Completed

HDB Resale Price Estimator

Telegram bot for HDB resale price prediction using ensemble ML & ARIMA

System Architecture Visual

Project Overview

A Telegram bot that predicts Singapore HDB resale flat prices using an ensemble of Gradient Boosted Tree models (CatBoost, LightGBM, XGBoost) combined with ARIMA for time-series trend forecasting. Users interact through a natural-language chat interface powered by an LLM, with predictions served via a FastAPI backend.

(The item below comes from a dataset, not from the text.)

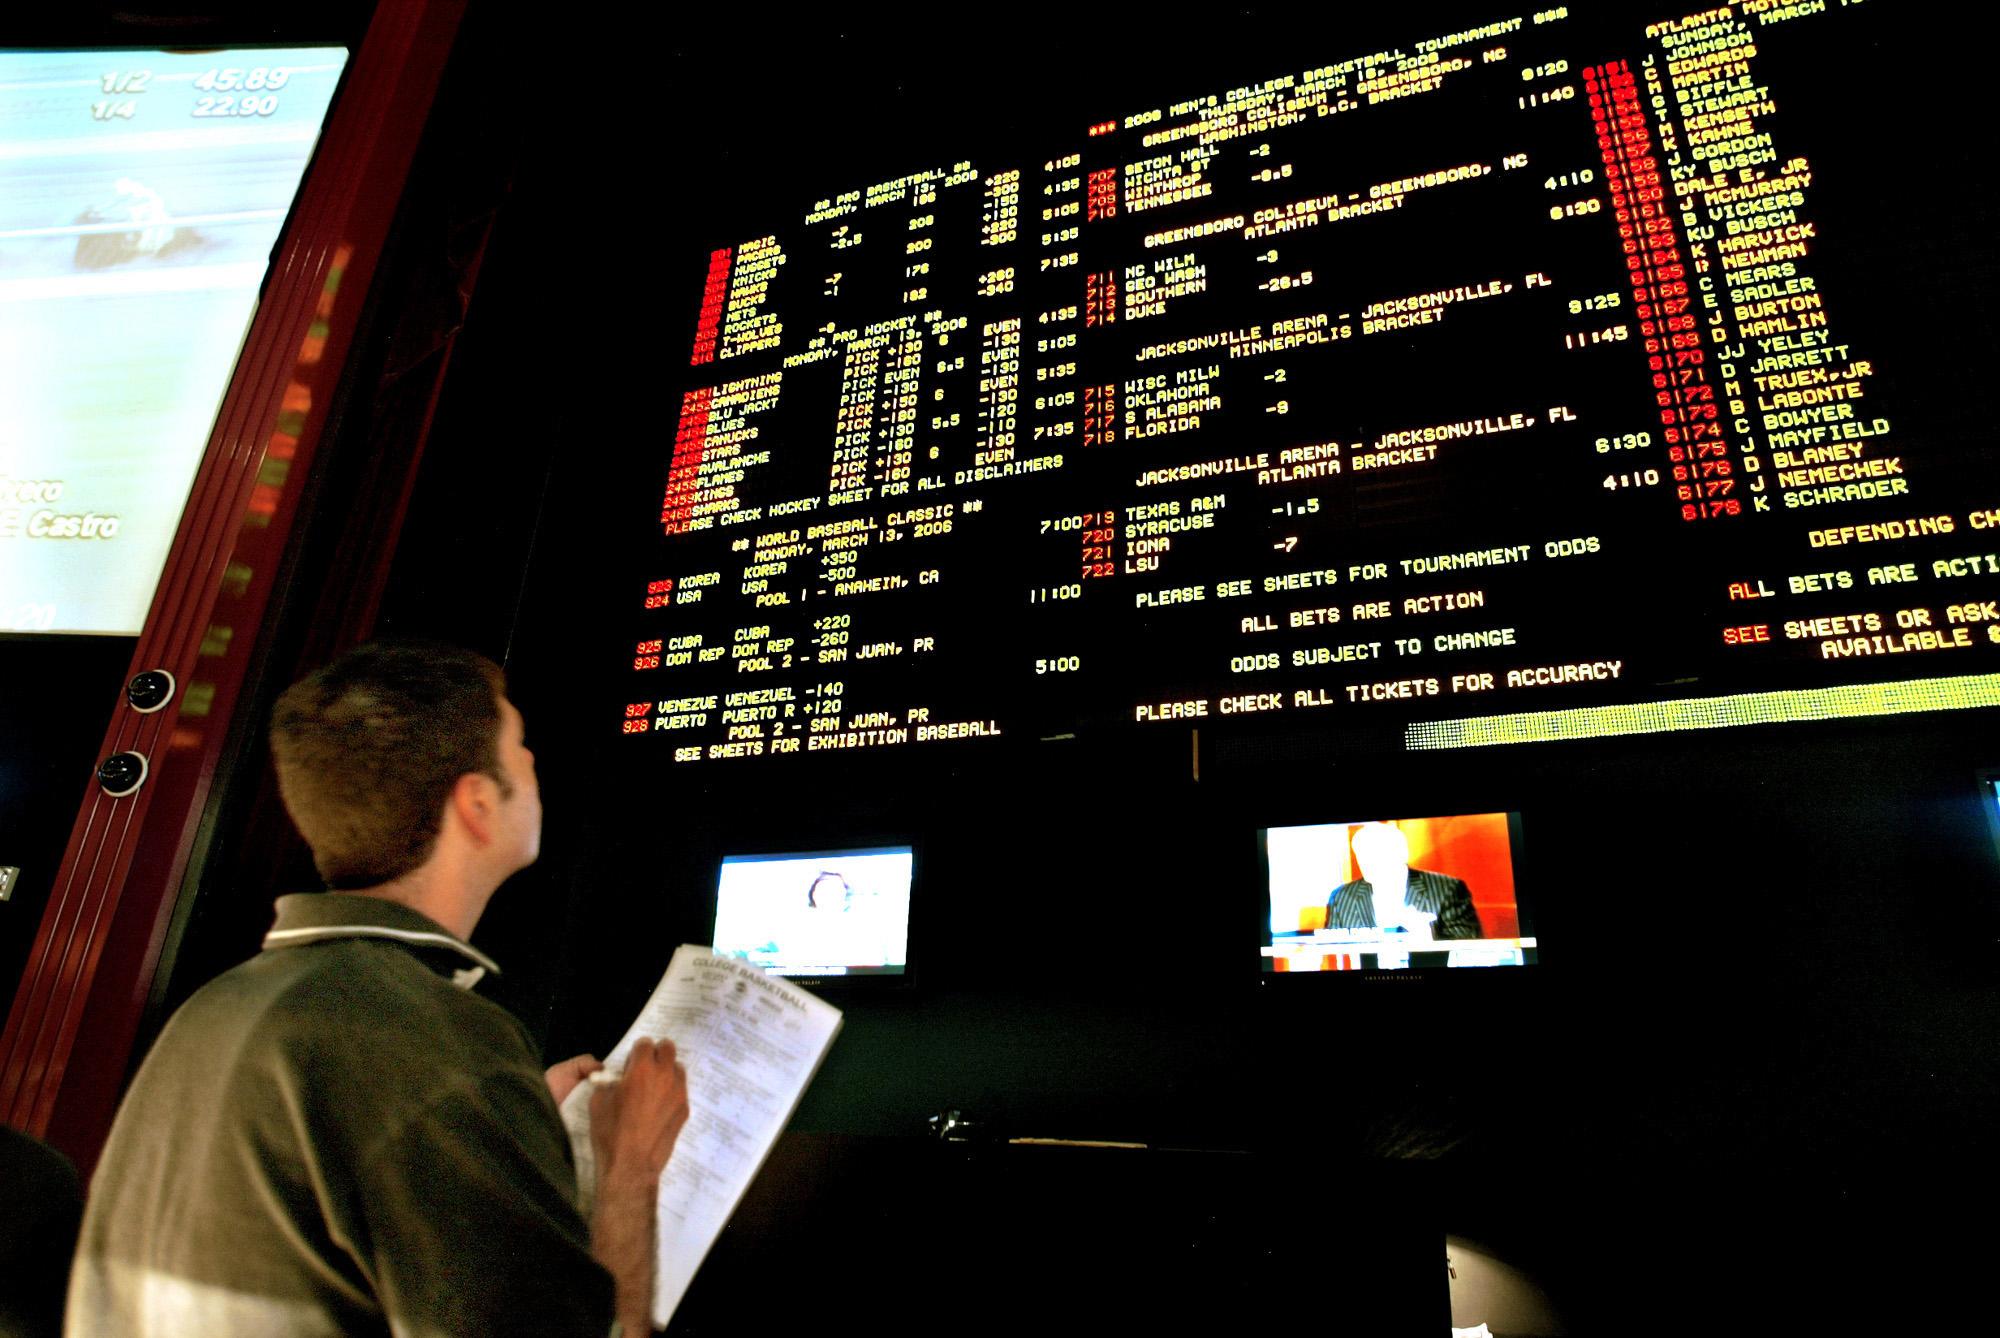 Legal Sports Betting 32470

Methodology & Architecture

1. Data Collection & Feature Engineering

Ingesting historical HDB resale transaction data from data.gov.sg, enriched with proximity features such as distance to MRT stations, schools, hawker centres, and shopping malls.

2. Ensemble ML Modelling

Training CatBoost, LightGBM, and XGBoost regressors individually, then combining predictions via a stacking/blending ensemble to minimize RMSE and capture non-linear property price signals.

3. Time-Series Adjustment (ARIMA)

Applying an ARIMA model on residual price trends to account for macroeconomic seasonality and month-on-month price movements, blended with the GBT ensemble output.

4. FastAPI Backend

Serving the combined prediction pipeline through a RESTful FastAPI service, handling input validation, feature transformation, and model inference at low latency.

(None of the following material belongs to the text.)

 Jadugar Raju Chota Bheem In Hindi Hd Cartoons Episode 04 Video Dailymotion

5. LLM-Powered Chat Module

Integrating an LLM to parse natural-language queries from Telegram users, extract structured flat parameters (town, flat type, storey, floor area), and return human-readable price estimates with explanations.

Technologies Used

CatBoost
LightGBM
XGBoost
ARIMA
FastAPI
LLM
Telegram API

Key Learnings

  • Combining gradient boosted trees with ARIMA for hybrid price forecasting.
  • Engineering geo-spatial proximity features from multiple public Singapore datasets.
  • Building a conversational Telegram bot interface backed by an LLM for structured entity extraction.
  • Deploying a low-latency FastAPI inference server for real-time predictions.